All fakes I have seen, the three end links connecting to the solid end links will go inside the end links themselves and are not stopped by the end link.


----------



## reivilom69 (Aug 5, 2010)

Sad to say but i'm sure it's a fake, 2 clues: the protective plastic ond the bracelet and in the upper left of your picture the other plastic with the word "rand"( probably oker brand ), it comes from china, and if you say that it has defects, Tissot would never sell a watch in that condition. I have been caught once, the watch also had the box, the booklets, the warranty card and the history book but when you look at the details you get to the conclusion tht it's a fake.


----------



## AsAnAtheist (Sep 22, 2011)

reivilom69 said:


> Sad to say but i'm sure it's a fake, 2 clues: the protective plastic ond the bracelet and in the upper left of your picture the other plastic with the word "rand"( probably oker brand ), it comes from china, and if you say that it has defects, Tissot would never sell a watch in that condition. I have been caught once, the watch also had the box, the booklets, the warranty card and the history book but when you look at the details you get to the conclusion tht it's a fake.

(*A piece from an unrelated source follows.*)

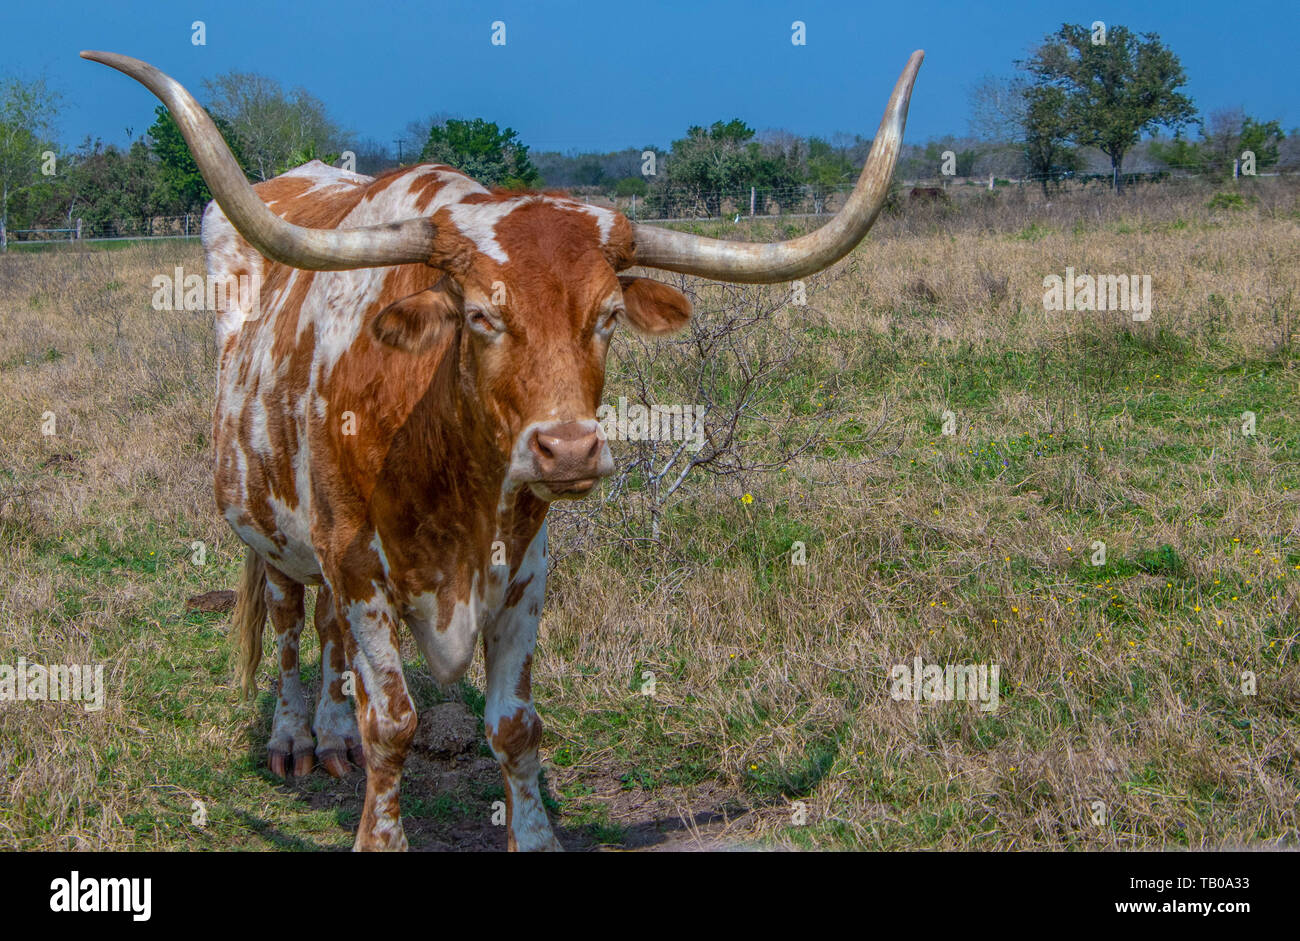 Brown and white Texas longhorn steer on the ranch Stock Photo
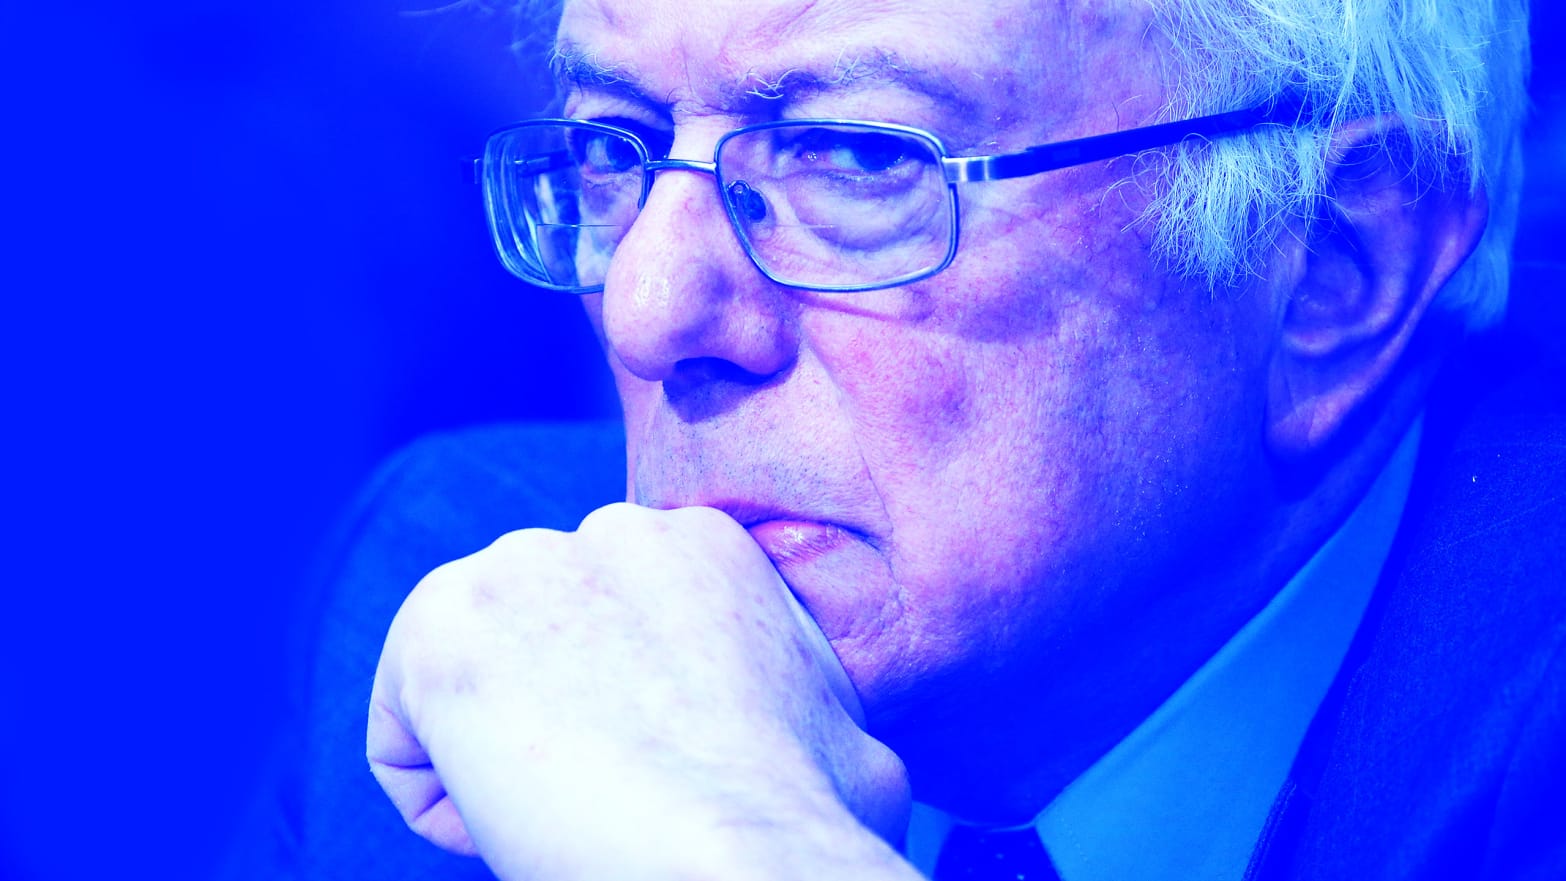 Bernie Sanders: The War on Terror ‘Has Been a Disaster for the American People’

It's fake based on the background of a picture?

I will await for caseback pictures, and an answer to my question.


----------



## Datshitkray (Sep 27, 2012)

Ok here's a couple of more pics. I really do appreciate the help


----------



## AsAnAtheist (Sep 22, 2011)

Apologies it is fake.
That's what I get for trying to authenticate on a 12" screen.

The end links look wrong, the flower petals are incorrect.
The guilloche on the Tissot/1853 look bad.


----------



## Datshitkray (Sep 27, 2012)

Oh wow I'm happy to hear that. I'm sure you know tons more about watches and such but can you give a brief explanation on why you think it's genuine?


----------



## Bobby75 (Jun 26, 2011)

Is it new? The crown looks a bit used.


----------



## Datshitkray (Sep 27, 2012)

It's suppose to be new. I don't see any scratches or any reason to believe it has been worn


----------



## AsAnAtheist (Sep 22, 2011)

Apologies it is fake.
That's what I get for trying to authenticate on a 12" screen.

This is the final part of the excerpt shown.